Image: Refugees carry food and water as they flee the fighting
Civilians flee the area controlled by the Liberation Tigers of Tamil Eelam. International rights groups have accused the government of shelling densely populated civilian areas in the war zone and accused the rebels of holding the civilians hostage for use as human shields against the government offensive.David Gray / Reuters

Two top Indian officials headed Friday to Sri Lanka to demand an immediate cease-fire in the bloody civil war as a private U.N. document reported that nearly 6,500 ethnic Tamil civilians were killed in the last three months of fighting.

Concern for the safety of the civilians trapped in the war zone has increased in recent weeks as the government pushed ahead with its offensive to crush the Tamil Tiger rebels and end the nation's quarter-century civil war.

On Monday, the military broke through rebel fortifications on the edge of a previously declared "no fire" zone along the northeastern coast, sparking an exodus of more than 100,000 civilians. The rebels said at least 1,000 civilians were killed in that battle and the Red Cross said hundreds had been killed or wounded.

Neighboring India, under pressure from its own Tamil population in the midst of a national election, was sending National Security Adviser M. K. Narayanan and Foreign Secretary Shivshankar Monen to Sri Lanka on Friday to push for a cease-fire.

'All killing must stop'
"We are very unhappy at the continued killing in Sri Lanka. All killing must stop. There must be an immediate cessation of all hostilities," External Affairs Ministry spokesman Vishu Prakash said in a statement Thursday.

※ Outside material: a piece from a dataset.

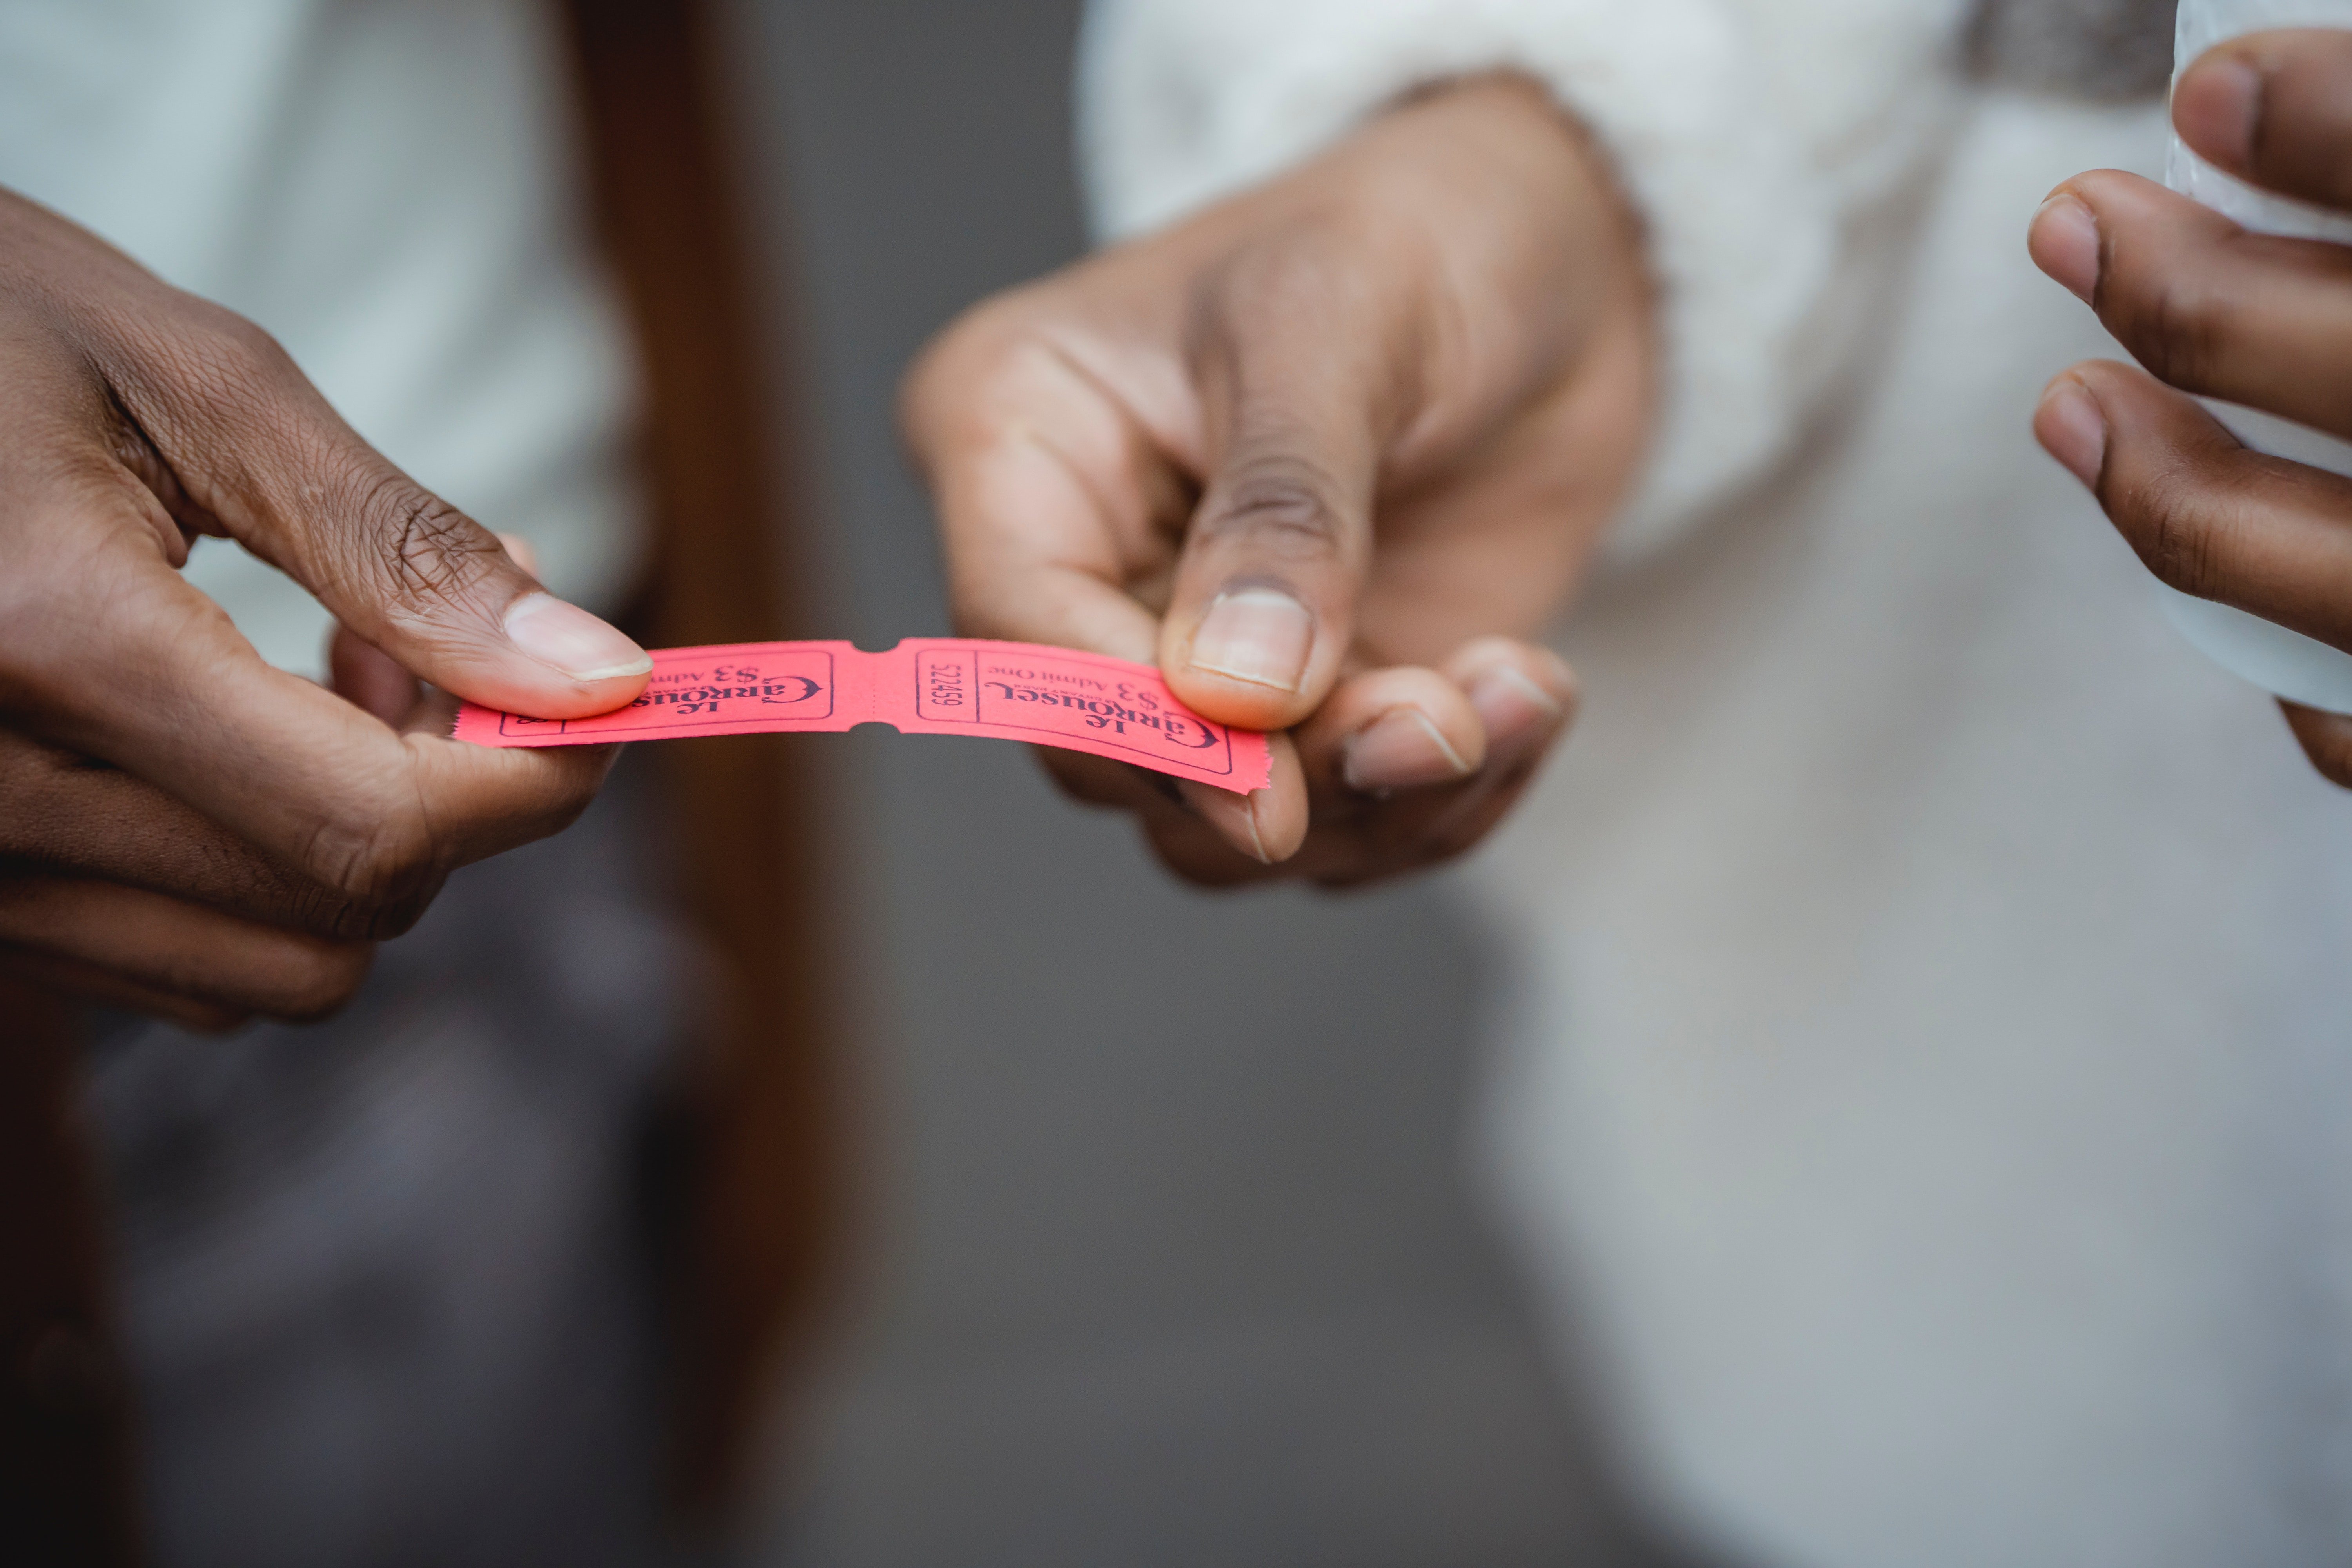 A red ticket in hands. | Source: Pexels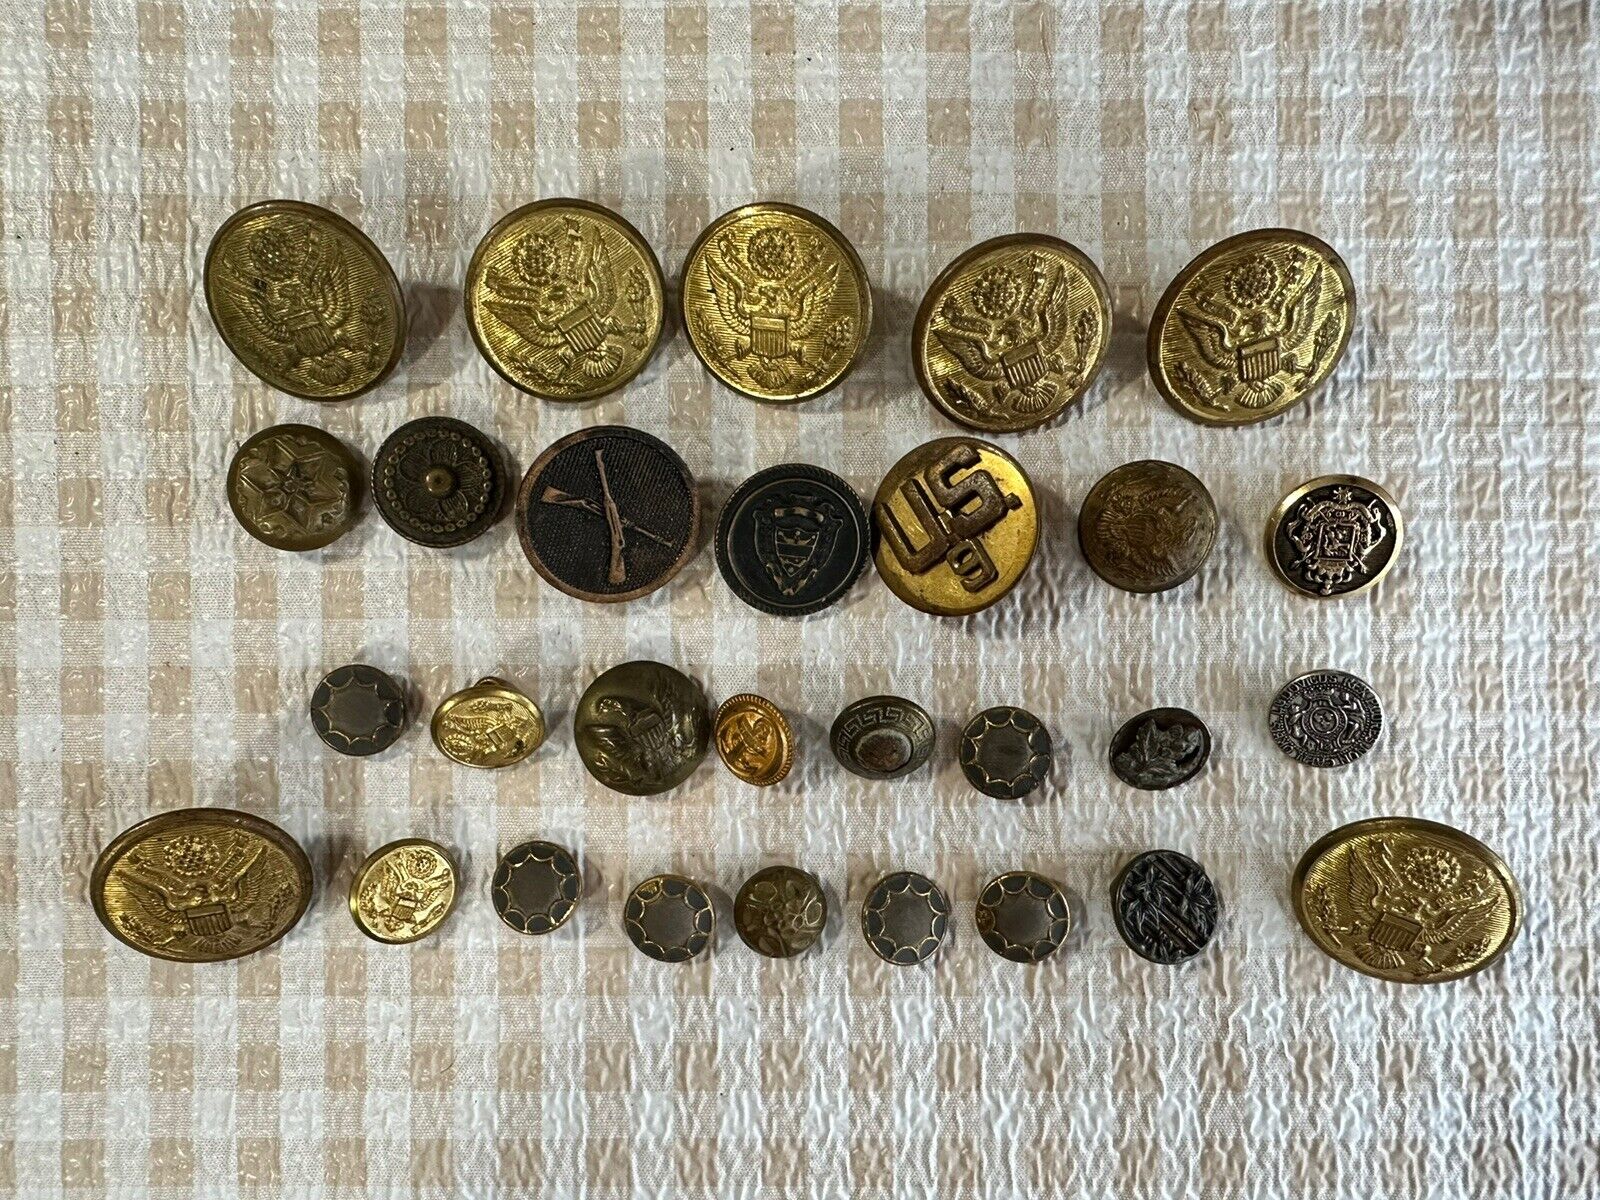 Vintage military buttons lot from different decades and makers

International rights groups have accused the government of shelling densely populated civilian areas in the war zone and accused the rebels of holding the civilians hostage for use as human shields against the government offensive. Both sides deny the accusations.

At least 6,432 civilians were killed in the intense fighting over the past three months and 13,946 wounded, according to a private U.N. document circulated among diplomatic missions in Sri Lanka in recent days. The casualties were reported as "verified data" in the document, which was given to The Associated Press by a foreign diplomat Friday.

The U.N. has declined to publicly release its casualty figures and had no immediate comment on the document.

The level of civilian deaths has increased dramatically as the fighting has worn on, according to the U.N. An average of 33 civilians were killed each day at the end of January, a number that jumped to 116 by April, the document reported.

The rebels have been fighting to create an independent homeland for ethnic minority Tamils, who have faced decades of marginalization by governments controlled by the ethnic Sinhalese majority.